Synthesis, structures, photoluminescence, and theoretical investigations on two new Zn(II)/Mn(II) complexes with pyridine-2-amidoxine and carboxylate ligands

Abstract

Two new neutral mononuclear Zn(II) and Mn(II) complexes with pyridine-2-amidoxine and carboxylate ligands, [Zn(paH)2(OAc)2]·2CH3OH (paH = pyridine-2-amidoxine, HOAc = acetic acid) (1), and [Mn(paH)2(OAc)2]·C2H5OH·2H2O (2), have been prepared and characterized structurally by X-ray crystallography. 1 and free paH exhibit photoluminescence at room temperature in solid state, which is rare so fare for metal complexes with oxime-based ligand. The emissions of 1 and free paH arise from the metal-perturbed paH-based π → π* ligand-to-ligand charge transfer transition (LLCT) and π → π* charge transfer transition in nature, respectively, in terms of the density functional theory level calculations and molecular orbital analyses.
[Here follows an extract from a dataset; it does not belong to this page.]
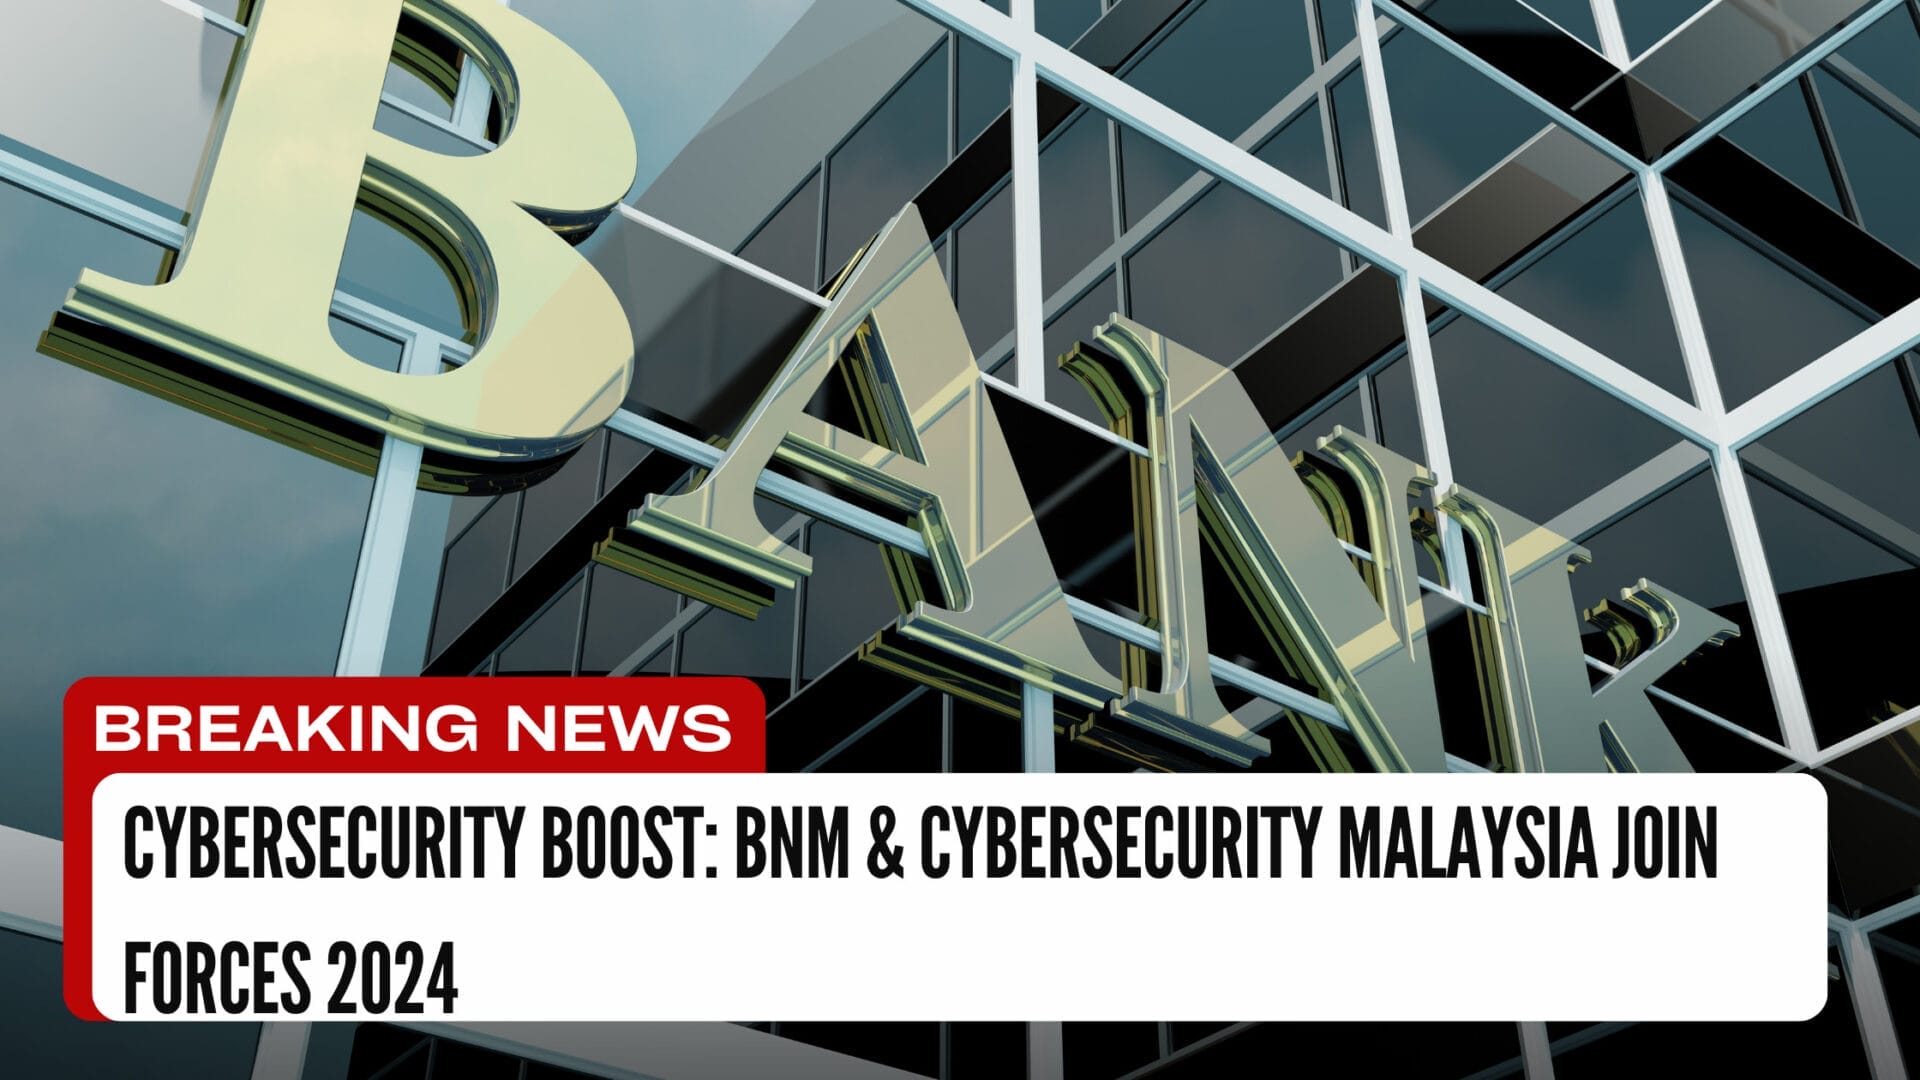 BNM & CyberSecurity Malaysia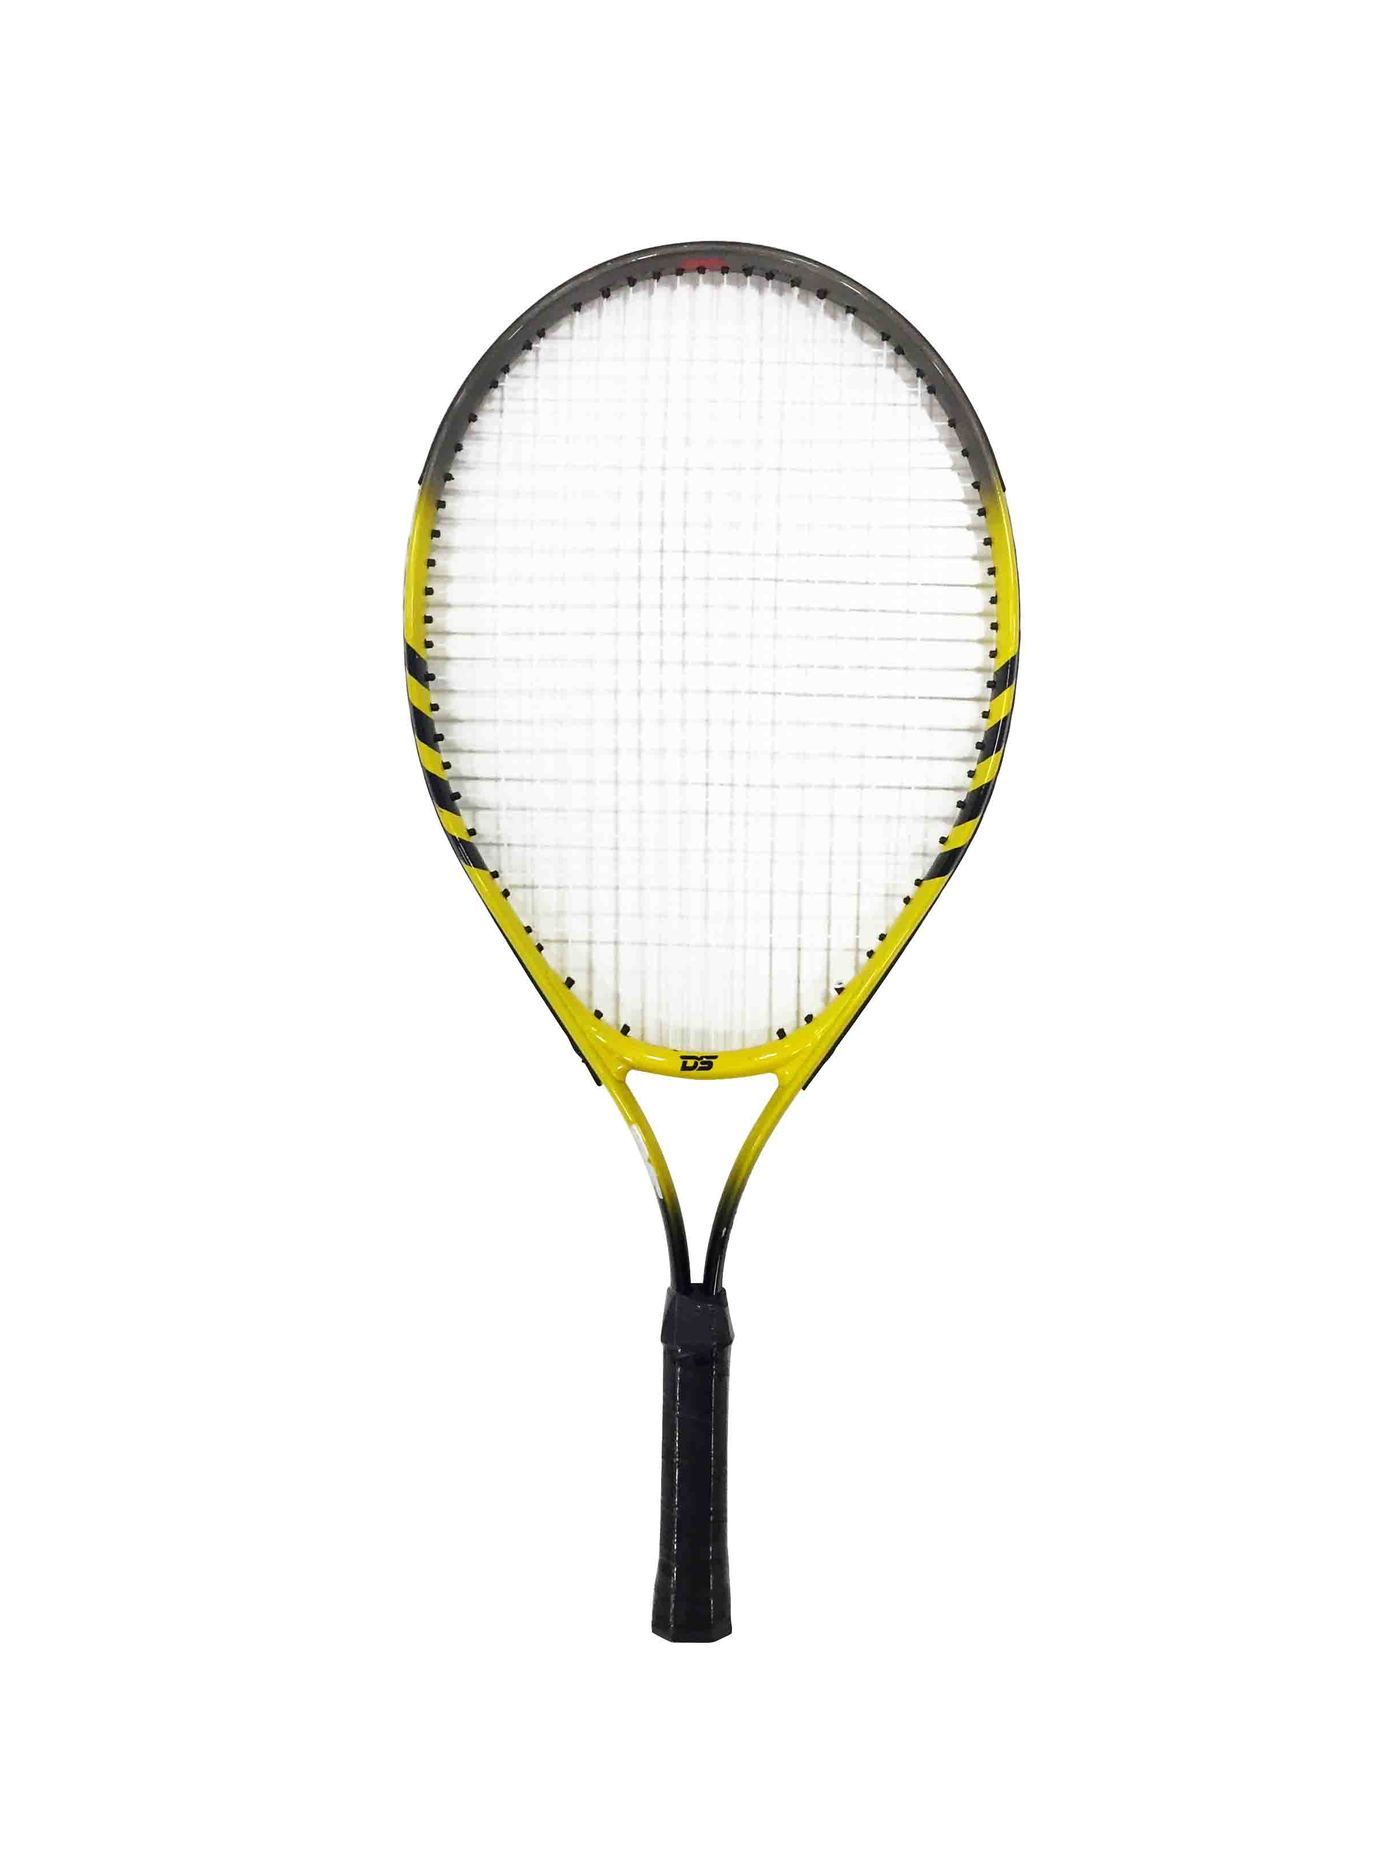 Dawson Sports - Basic Tennis Racket 23 inch

Two new neutral mononuclear Zn (II) and Mn(II) complexes with pyridine-2-amidoxine and carboxylate ligands, [Zn(paH)2(OAc)2]·2CH3OH (paH = pyridine-2-amidoxine, HOAc = acetic acid) (1), and [Mn(paH)2(OAc)2]·C2H5OH·2H2O (2), have been synthesized and characterized structurally. The rarely reported photoluminescent behavior for oxime-based metal complexes has been observed in solid 1, indicating that such neutral mononuclear oxime-based metal complexes are a new class of potential candidates for photoluminescence and/or electroluminescence devices. The photoluminescent property and spectroscopic shifts have been investigated in detail for 1 and free paH ligand by means of the density functional theory level calculations and molecular orbital analyses. The emission for 1 and free paH ligand, are related to the metal-perturbed paH-based π → π* ligand-to-ligand charge transfer transition (LLCT) and π → π* charge transfer transition in nature, respectively.